Regarding the findings from FUMA tissue specificity analysis, the observed enrichment of our gene list in genes whose expression is altered in lung is not unexpected: as the major clinical manifestation of SARS-CoV-2 infection and severity is at respiratory level, we expected that variants associated with COVID-19 survival were in genes expressed in the lungs. On the other hand, it is more difficult to speculate on the finding of an enrichment of genes upregulated in brain putamen basal ganglia. In a recent paper47, Balsak et al. reported that basal ganglia can be damaged after COVID-19, due to microstructural alterations caused by hypoxia. However, further studies are needed to understand if the variants/genes identified in our study might be involved in the hypoxia induced brain alterations after SARS-CoV-2 infection and, also, if this kind of damage might affect COVID-19 patient survival.

Despite the above cited evidence found in the literature, without appropriate functional studies, we cannot assert that the variants we identified as associated with survival play a role in predisposing patients to a worse COVID-19 outcome. However, we believe that our findings are worthy of further investigation and are of interest, since we explored the genetics of COVID-19 severity with an unconventional approach that might have led to new results. Indeed, not surprisingly, none of the previously reported variants associated with severity in9 were significant in our study. Indeed, both the phenotype (severity vs. overall survival 60 days after the infection) and the analysis model (regression vs. Cox) were completely different.
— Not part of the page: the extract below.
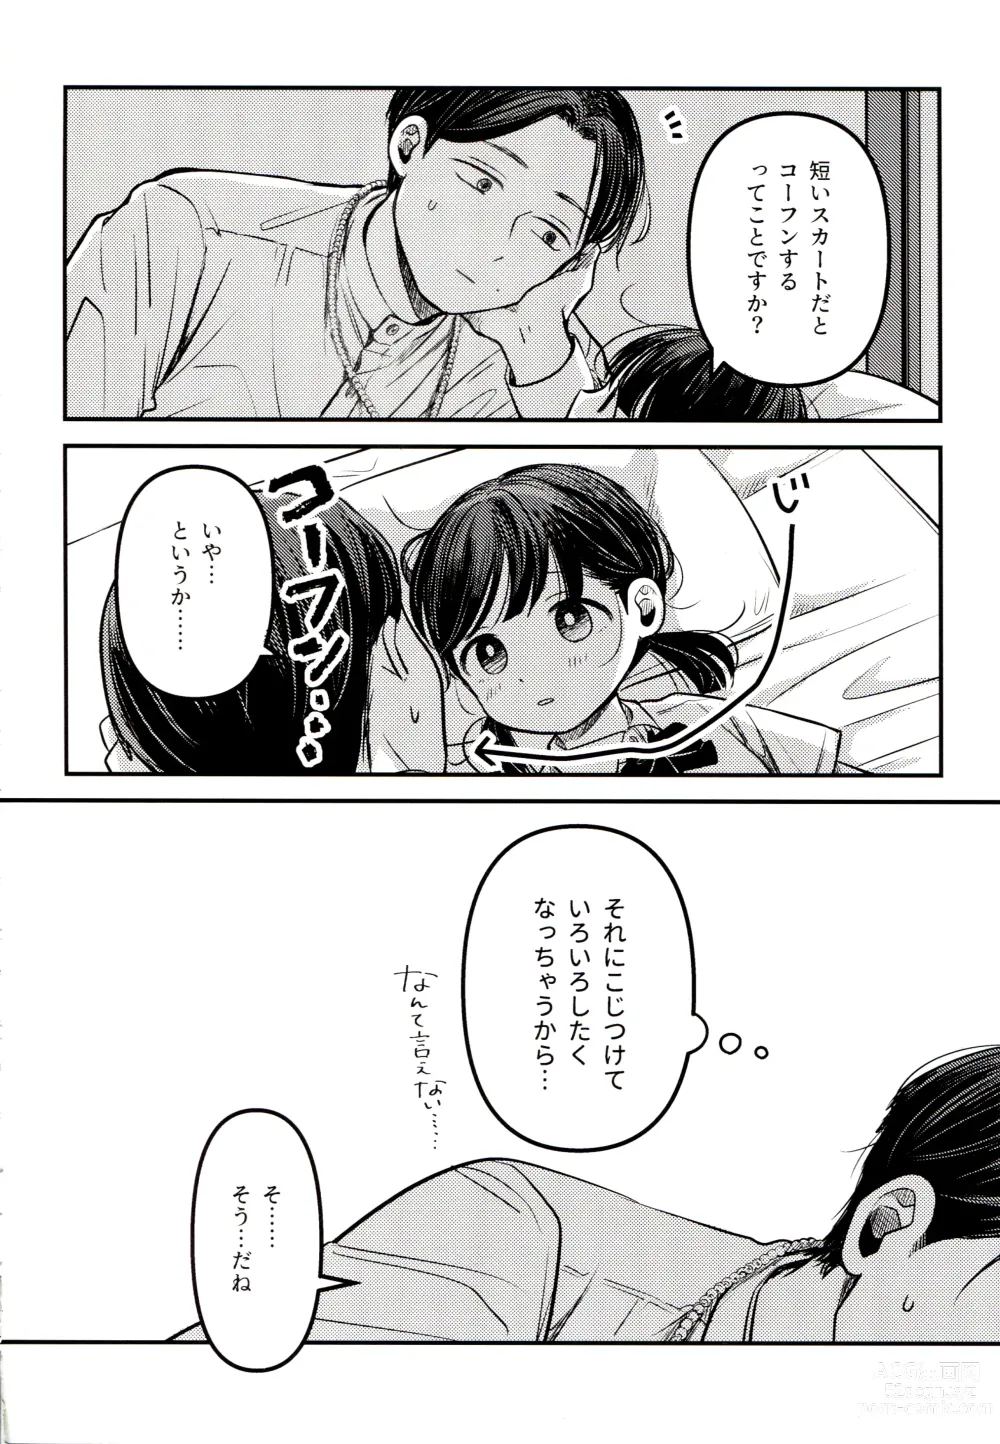 Page 54 of doujinshi Yuuwa

We are aware of some limitations in our study. First, validation in an independent, wider, but possibly genetically homogeneous patient series should be needed. Indeed, we were able to detect only one variant associated with survival at a genome-wide significance level. In addition, our series, is mainly composed of patients of European ancestry and our results, although controlled for population stratification, would not be directly generalizable to patients from different ethnicities. Additionally, since we did not adjust for patients’ comorbidities (as no full data were available), we cannot exclude that some of the identified associations might result from such potential confounding factors. For instance, the variants in the CDH13 gene, involved in metabolic disorders, might be this case. Although we were aware of this limitation, we preferred not to further reduce the already relatively small sample size of our analysis, by excluding patients with unavailable comorbidity data, to avoid losing statistical power.
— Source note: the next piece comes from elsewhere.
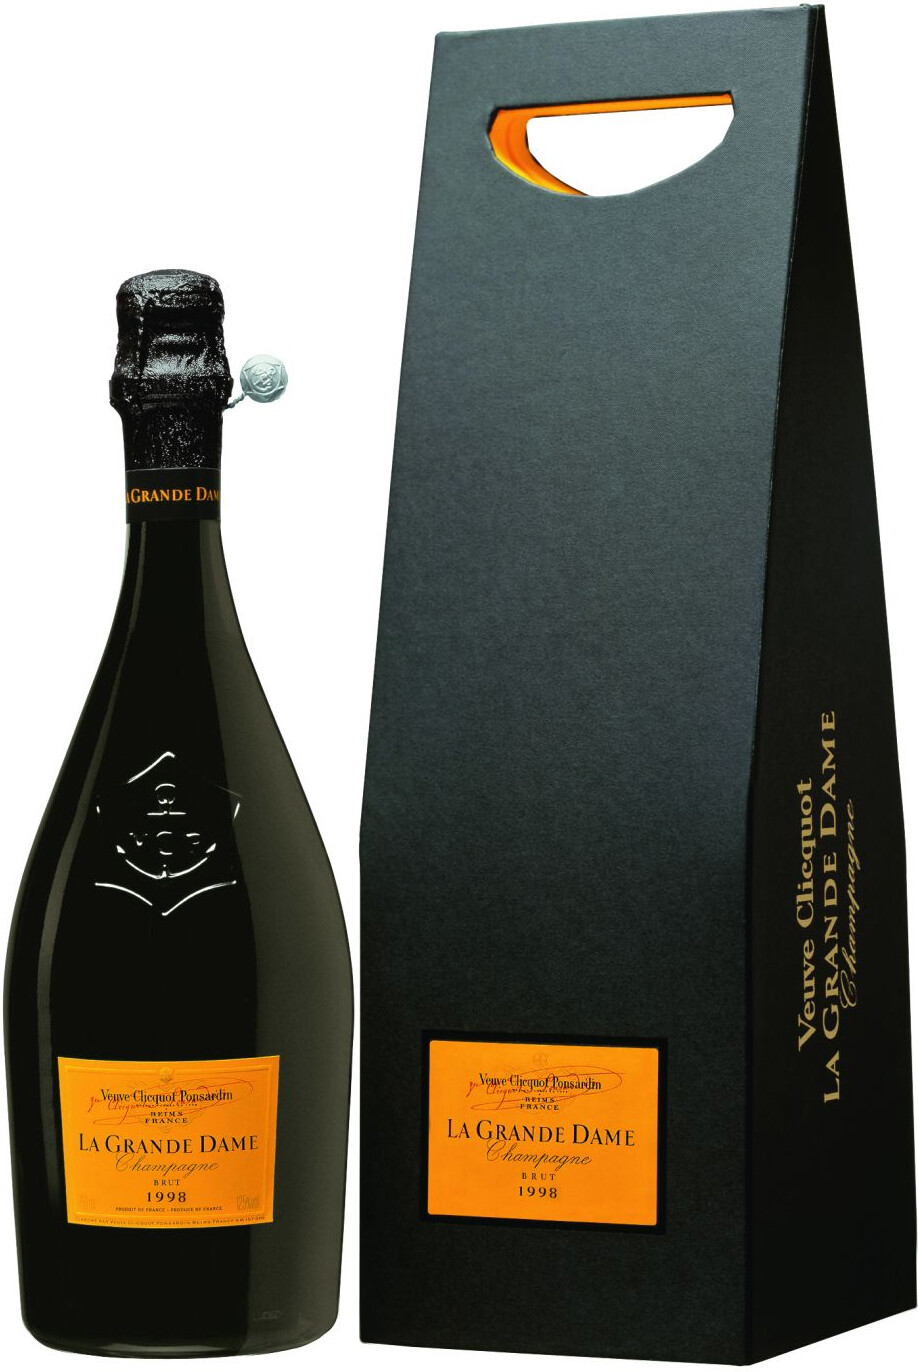 Where to buy Veuve Clicquot Ponsardin La Grande Dame Brut, Champagne,  France

Overall, our results shed new light on the genetics of COVID-19 severity, having identified some loci associated with patient survival, at 60 days after infection. Although our findings suggest that genetics plays a limited role in affecting mortality probability after SARS-CoV-2 infection, the identified variants are worthy to be further investigated as possible prognostic factors for COVID-19.